You probably want something like:

xs = stream.iterate(min_urls_titles)
ys = stream.starmap(xs, fetch, ordered=True, task_limit=100)
zs = stream.starmap(ys, process)
await zs

where fetch returns the values to be processed by process.

1ycx commented 6 years ago

@vxgmichel Even when I return somthing to ys, I straight away get an error :

Novel URL Set

Traceback (most recent call last):
  File "python", line 118, in <module>
  File "python", line 88, in main
NameError: name 'process' is not defined

Can you tell me what is the process in

zs = stream.map(ys, process)

?

vxgmichel commented 6 years ago

Sure, it's up to you to write the process function.
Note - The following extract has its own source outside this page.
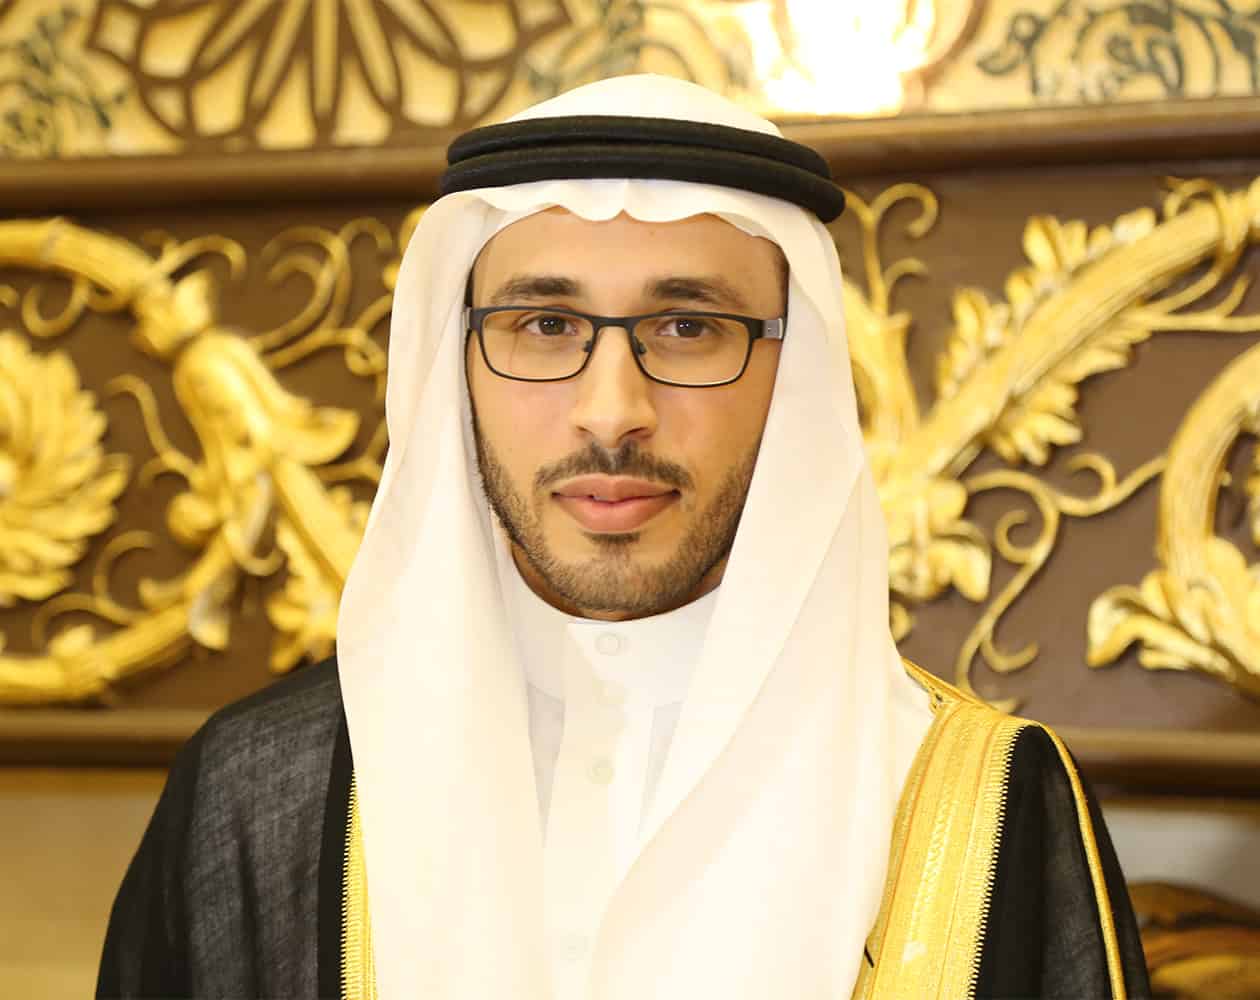 Ahmad AlMaiman, Chief Information Officer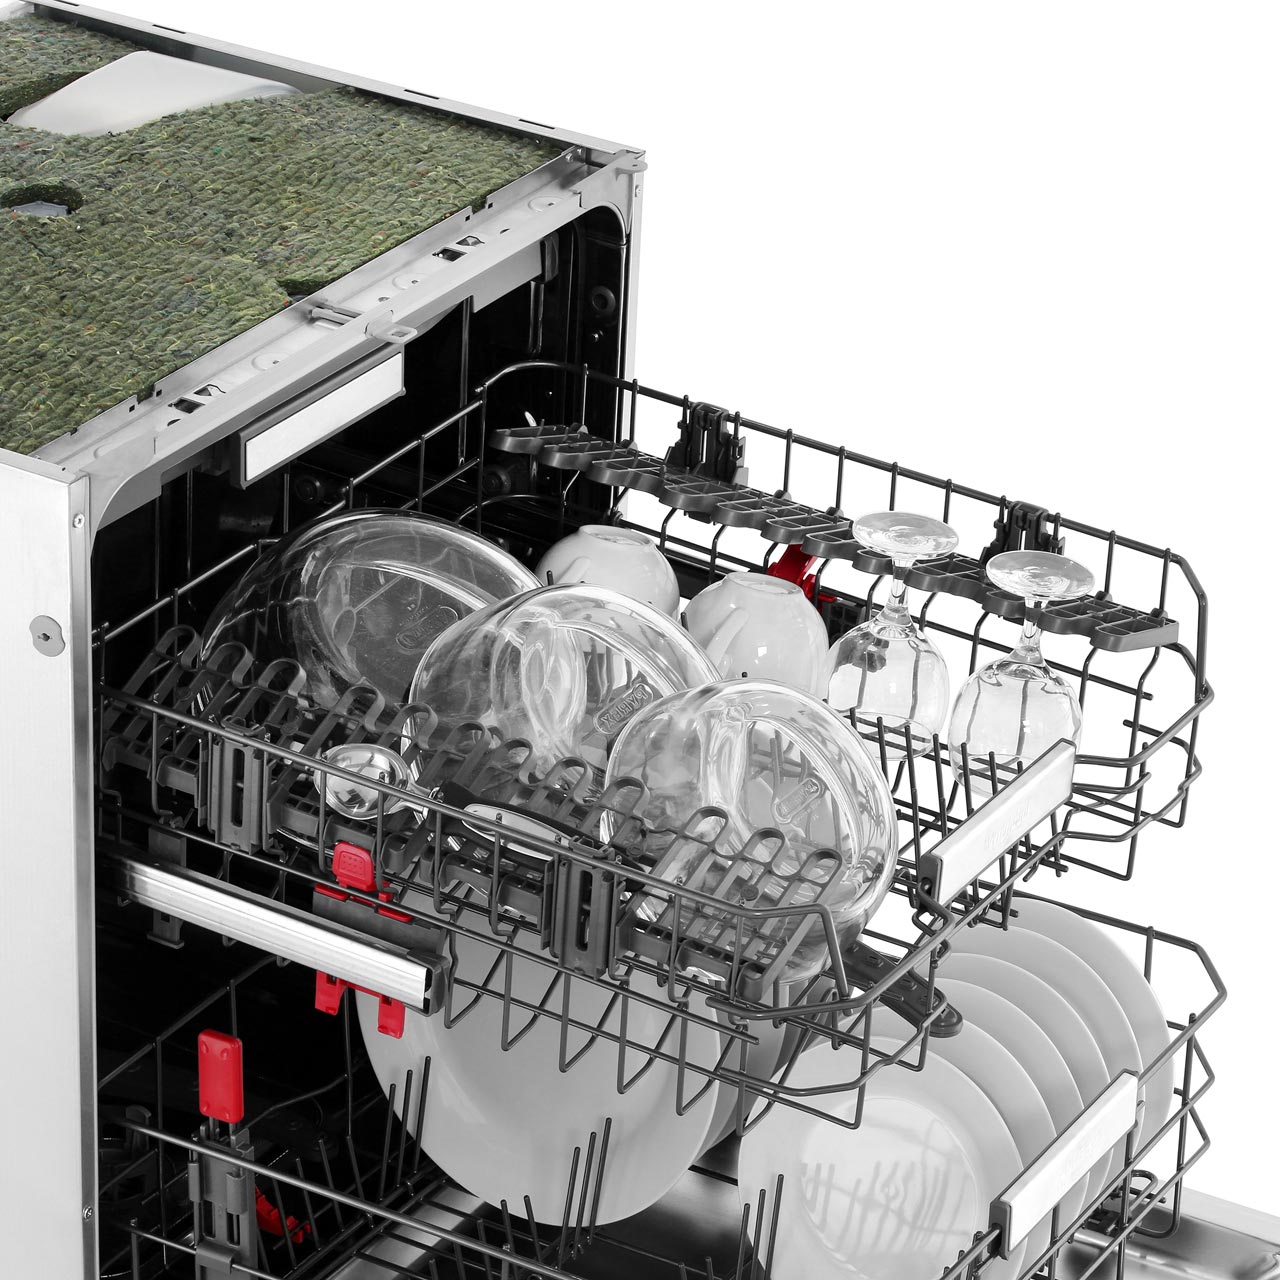 whirlpool integrated dishwasher

You probably want to define it as:

def process(response, title):
    s = bs(response, "html5lib")    
    div = s.select_one("#chaptercontent")
    c2 = epub.EpubHtml(title=title, file_name=title+'.xhtml', lang='hr')
    c2.content = div.encode("utf-8")
    book.add_item(c2)
    book.toc.append(c2)    
    book.spine.append(c2)
    print("Parsed Chapter :", title)
    counter += 1

With fetch returning (response, title).